Part of Advances in Neural Information Processing Systems 35 (NeurIPS 2022) Main Conference Track
Chaoqi Yang, Cheng Qian, Navjot Singh, Cao (Danica) Xiao, M Westover, Edgar Solomonik, Jimeng Sun
Tensor decompositions are powerful tools for dimensionality reduction and feature interpretation of multidimensional data such as signals. Existing tensor decomposition objectives (e.g., Frobenius norm) are designed for fitting raw data under statistical assumptions, which may not align with downstream classification tasks. In practice, raw input tensor can contain irrelevant information while data augmentation techniques may be used to smooth out class-irrelevant noise in samples.

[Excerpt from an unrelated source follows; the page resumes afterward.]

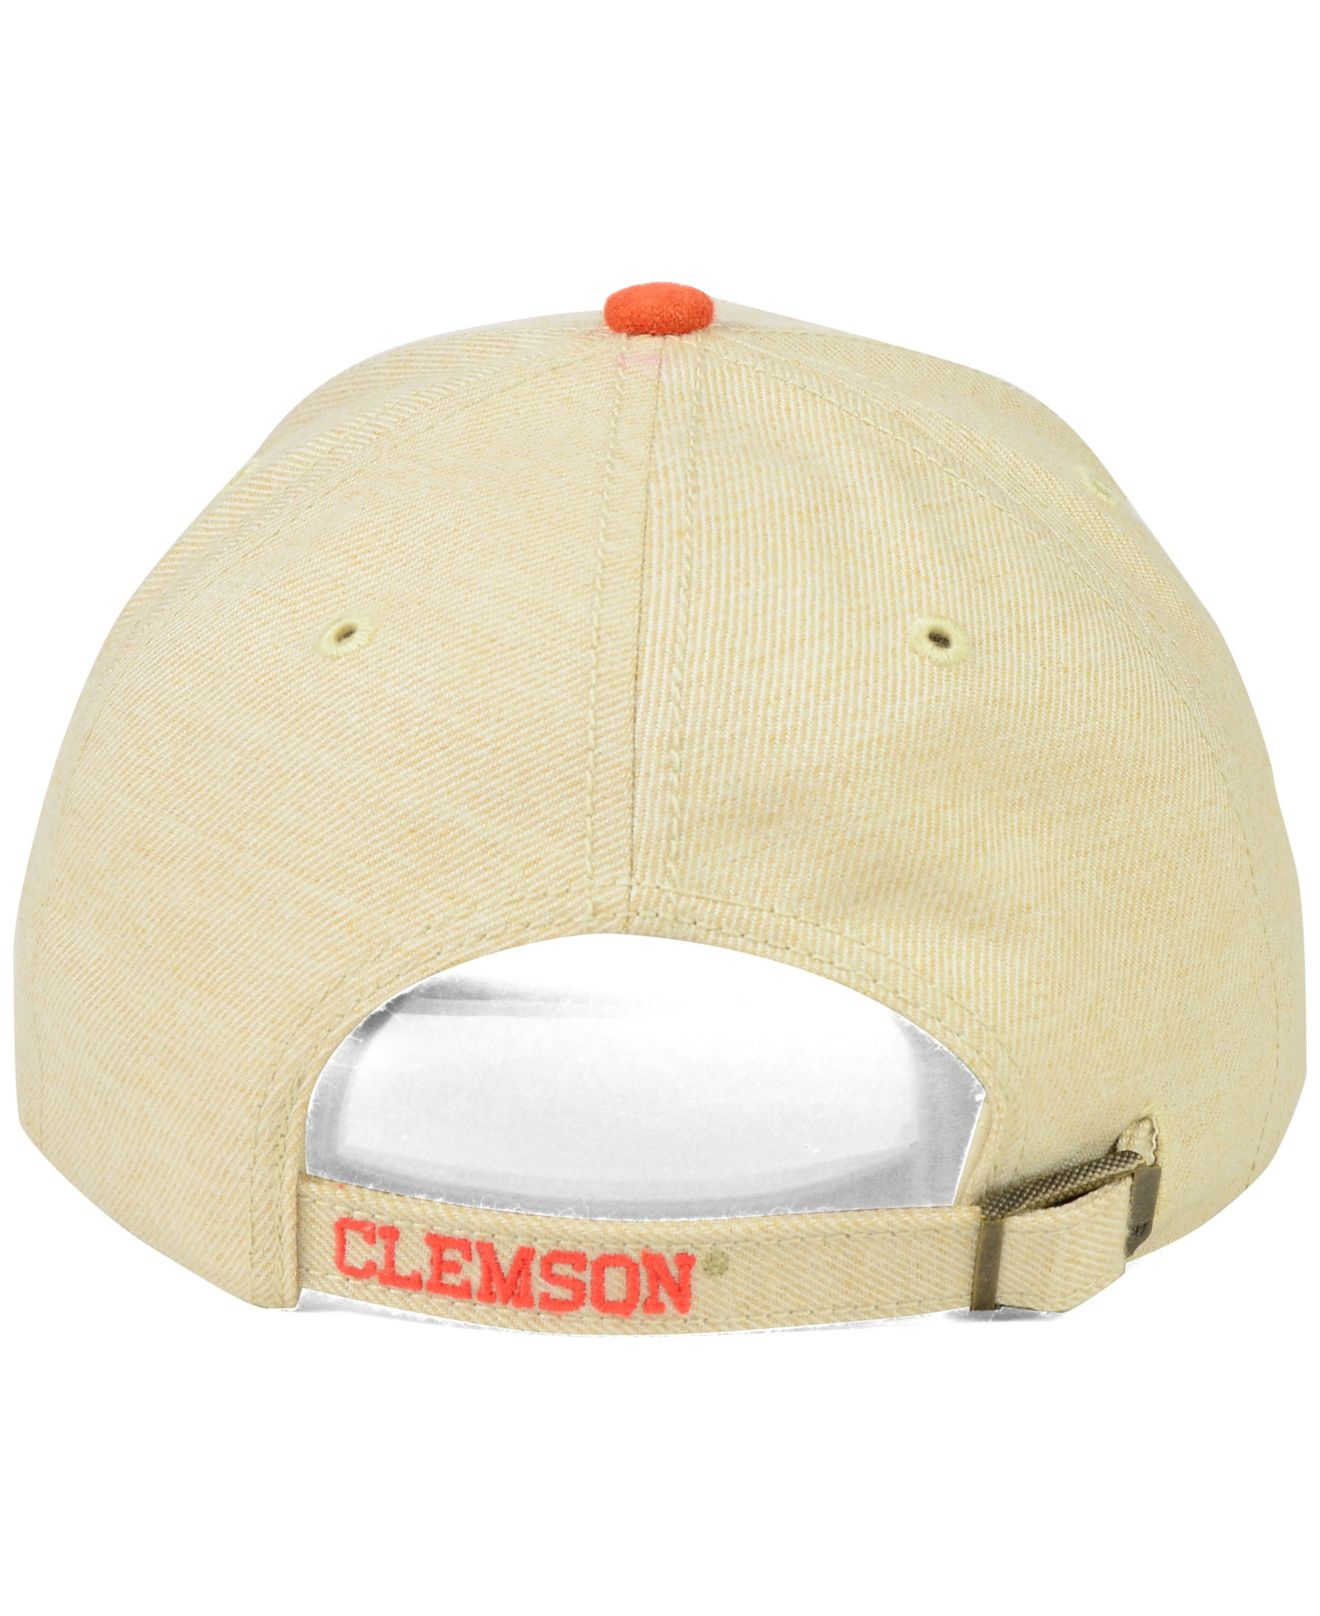 new product 22f19 71e7d ... denmark denmark lyst 47 brand clemson tigers munson mvp cap in orange  for men add8a 2ad40

This paper addresses the above challenges by proposing augmented tensor decomposition (ATD), which effectively incorporates data augmentations and self-supervised learning (SSL) to boost downstream classification. To address the non-convexity of the new augmented objective, we develop an iterative method that enables the optimization to follow an alternating least squares (ALS) fashion. We evaluate our proposed ATD on multiple datasets. It can achieve 0.8%~2.5% accuracy gain over tensor-based baselines. Also, our ATD model shows comparable or better performance (e.g., up to 15% in accuracy) over self-supervised and autoencoder baselines while using less than 5% of learnable parameters of these baseline models.